I am so tired but i know in the end it’s going to worth it 😭. I’m 27 first semester in nursing school and I am tired . Over worked . Under paid. And exhausted. I work as a full time float/ flex CNA at a children’s hospital and it’s not for the week. But I know in the end it’s going to be worth it.
... Read moreIt’s truly a rollercoaster trying to navigate the demands of nursing school, especially when you’re doing it while working full-time. The original post just scratches the surface of how deeply challenging it can be. Every day feels like a marathon, from clocking in long shifts as a float/flex CNA at a children's hospital, dealing with overwhelming patient volumes, to then diving straight into textbooks and clinical prep for my courses at Chamberlain College of Nursing. The prolonged hours don't just drain you physically; the emotional toll is immense. It’s a unique kind of exhaustion that goes beyond just being tired; it's a mental fatigue from constantly being on high alert, making critical decisions, and then switching gears to absorb complex academic material.
I often find myself reflecting on the phrase 'sharing our emotions seeking understanding can lighten our burdens.' It resonates so much because there are days when the weight of what we see and do in healthcare, especially with children, feels incredibly heavy. The emotional baggage from difficult patient experiences, coupled with the relentless pressure of academics at Chamberlain, can significantly shape one's mental landscape. You’re constantly learning to compartmentalize, but I've realized it’s an unsustainable long-term strategy without proper outlets. Those moments of vulnerability, sharing with someone who truly gets it, are lifelines.

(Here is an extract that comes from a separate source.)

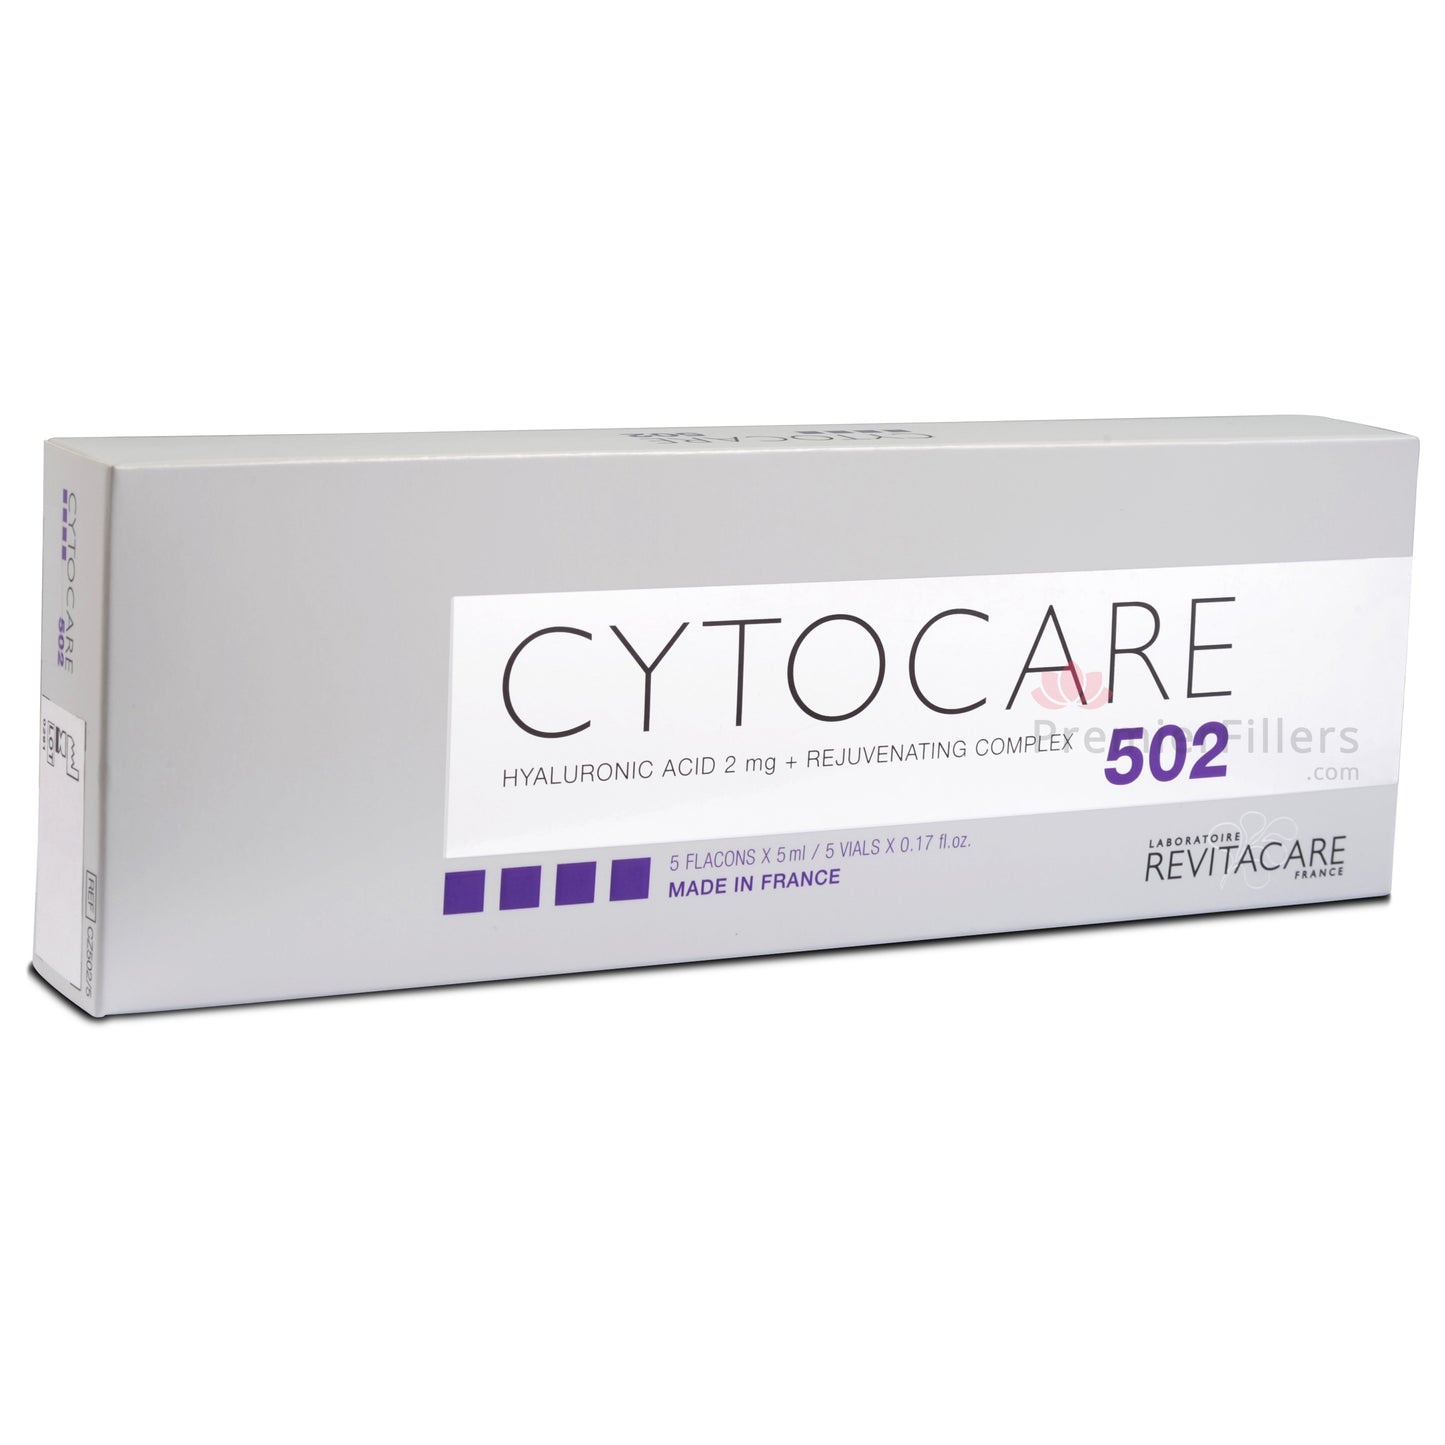 Cytocare 502 (5x5ml)

The physical strain of being on your feet for prolonged hours as a CNA, sometimes without a moment's rest, before even opening a textbook, is something many don't realize. Then, you're expected to recall intricate anatomical pathways or pharmacological interactions with perfect clarity. It’s a constant battle to prioritize self-care when deadlines loom and patient needs are urgent. I remember feeling so guilty about slacking on my gym routine, knowing how much physical activity helps clear my head and manage stress. Finding that balance – between studying for exams, performing well in clinicals, and still having enough energy to decompress – feels like the ultimate test of resilience, especially when you're deeply invested in your education at Chamberlain College of Nursing.
For anyone else out there juggling similar responsibilities at Chamberlain College of Nursing or any other program, remember that you’re not alone. The journey is demanding, and it’s okay to feel overwhelmed. Seeking understanding from peers, mentors, or even just acknowledging your feelings can be incredibly therapeutic. Building a strong support system becomes crucial, because while it’s tempting to tough it out alone, a shared burden is always lighter. We’re all in this together, pushing through the long nights and challenging days, all for the profound privilege of eventually making a difference in patients' lives. It’s hard, yes, but knowing the impact we'll have, the lives we can touch, keeps me going and reminds me why every drop of sweat and every tear is ultimately worth it.